Problem: When you reproduce the listing, keep every word as it is and drop the pictures.

Information shown:

***

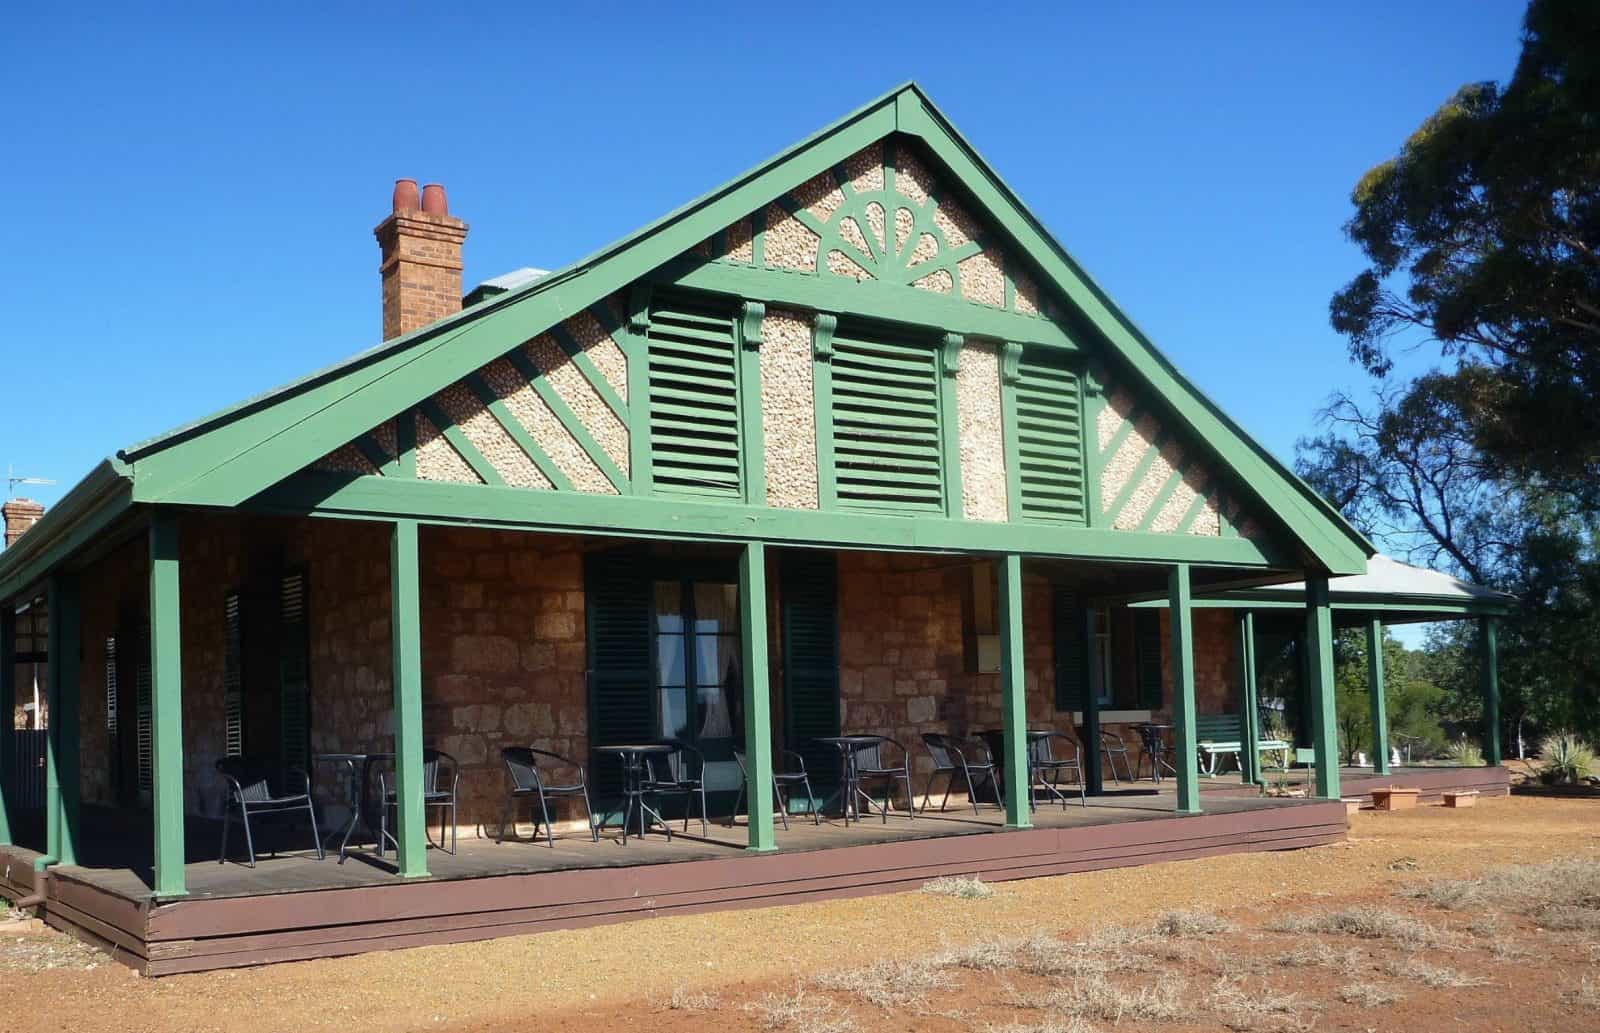 Warden Finnerty's House, Coolgardie, Western Australia
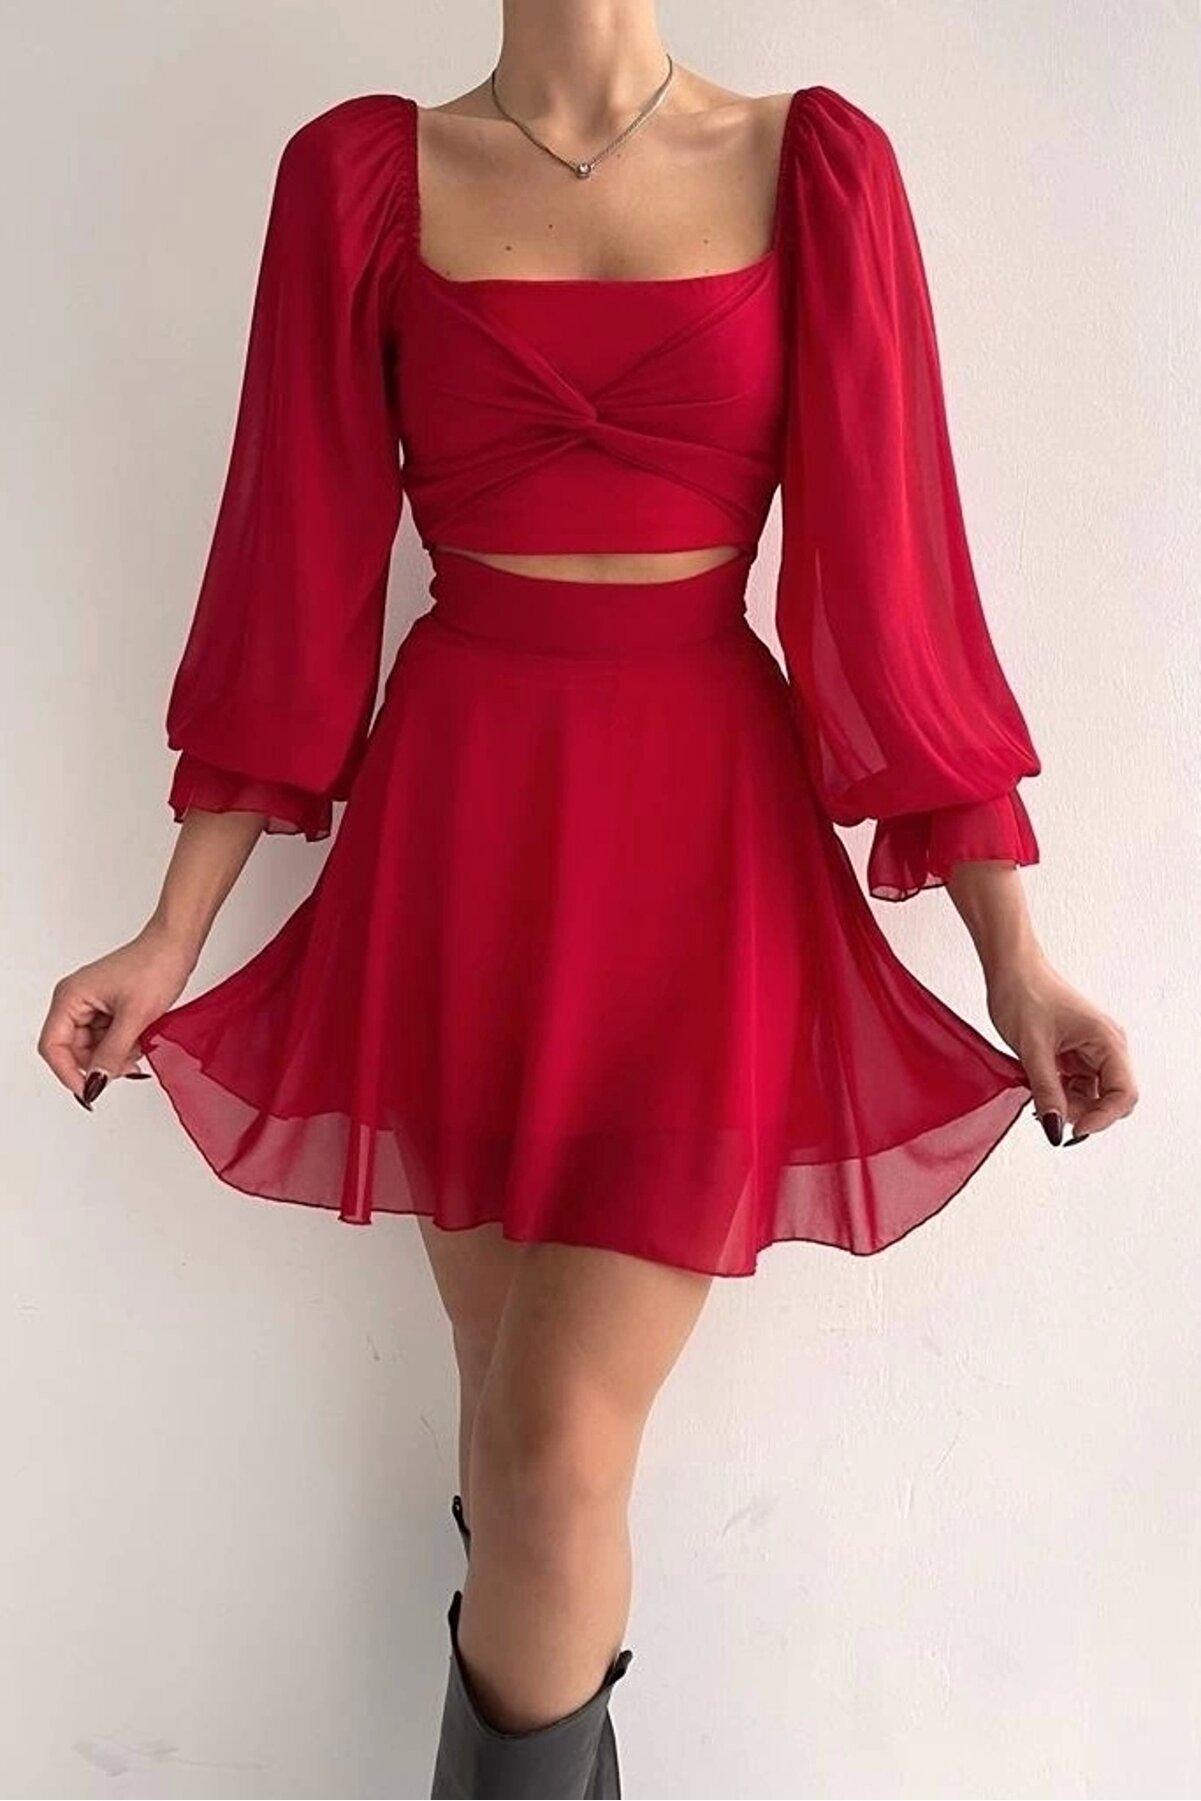 Eka Kadın Kırmızı Bel Detaylı Tül Elbise 0990-212045
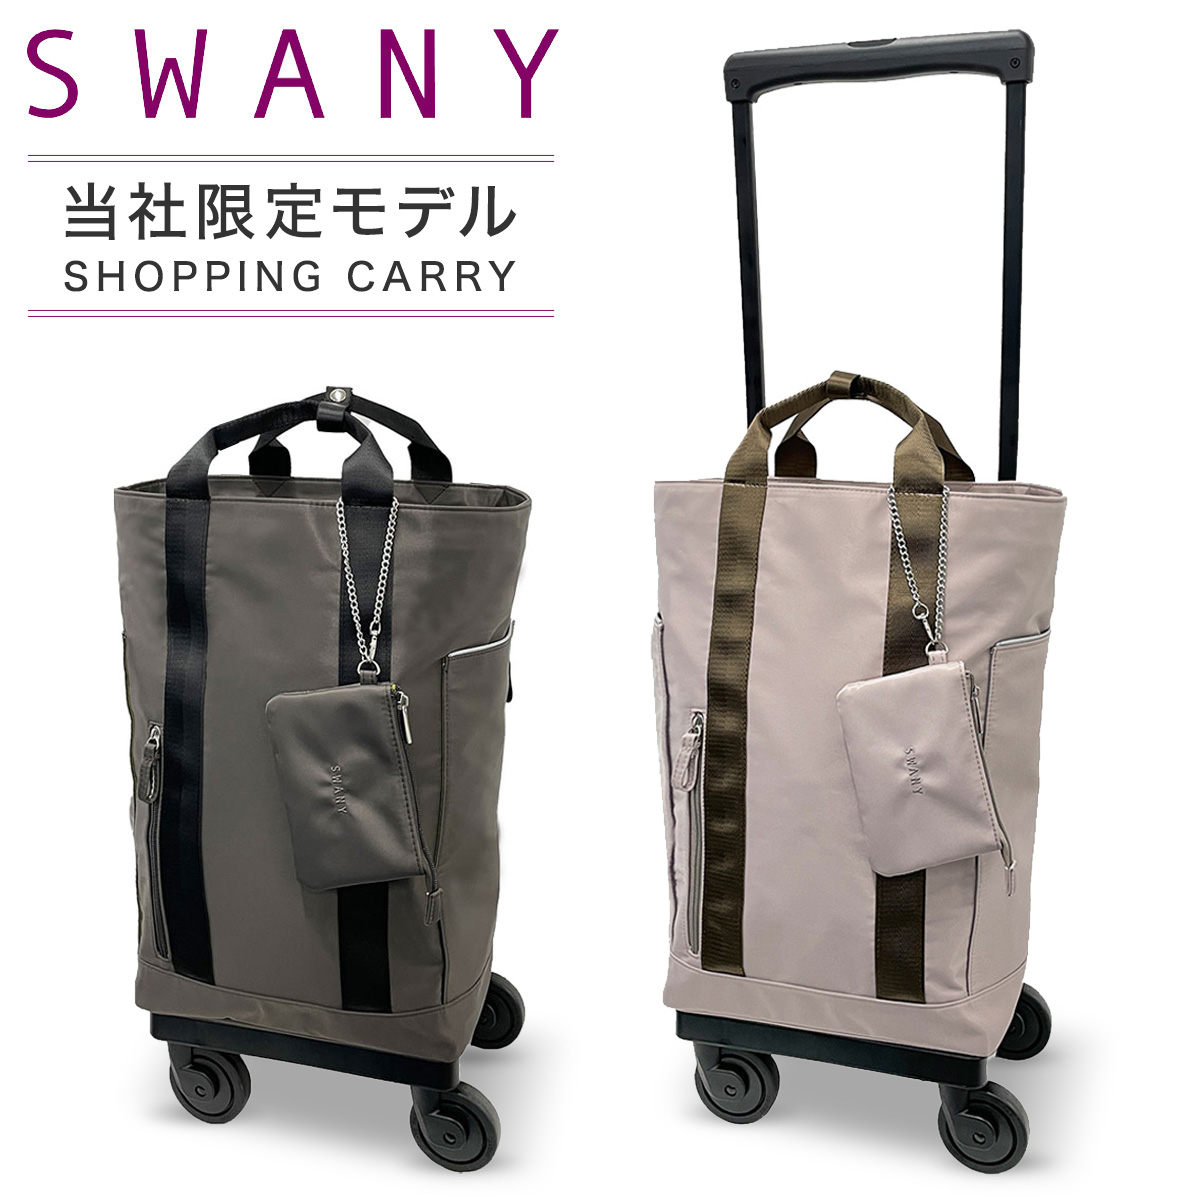 スワニー キャリーバッグ 東京デリカオリジナルD-580 SWANY 
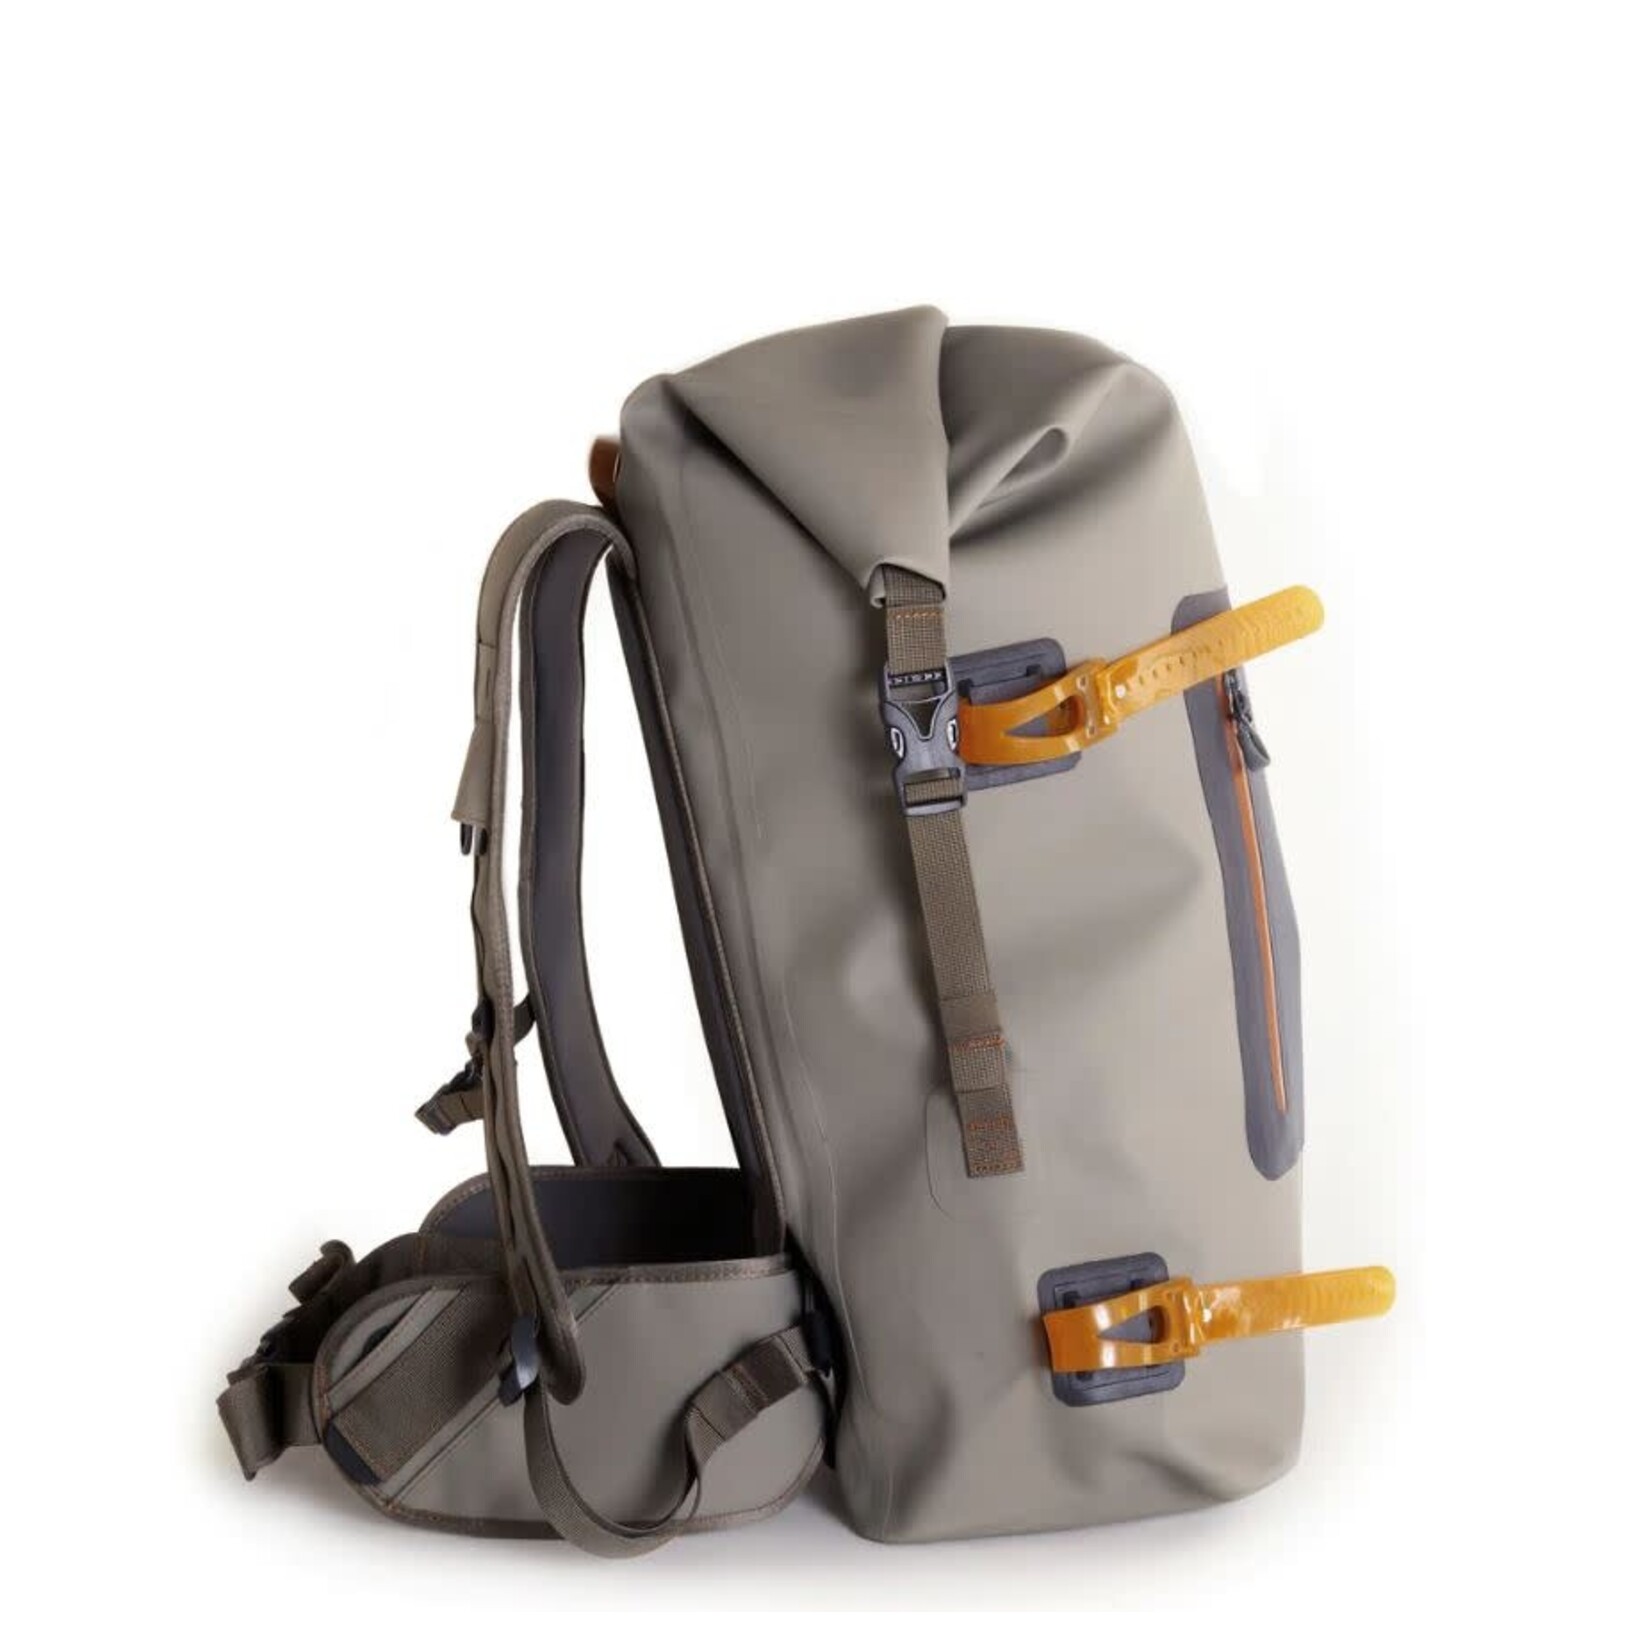 FISHPOND Fishpond Wind River Roll-Top Backpack

***

Answer box:
 Warden Finnerty's House, Coolgardie, Western Australia
 Eka Kadın Kırmızı Bel Detaylı Tül Elbise 0990-212045
 スワニー キャリーバッグ 東京デリカオリジナルD-580 SWANY 
 FISHPOND Fishpond Wind River Roll-Top Backpack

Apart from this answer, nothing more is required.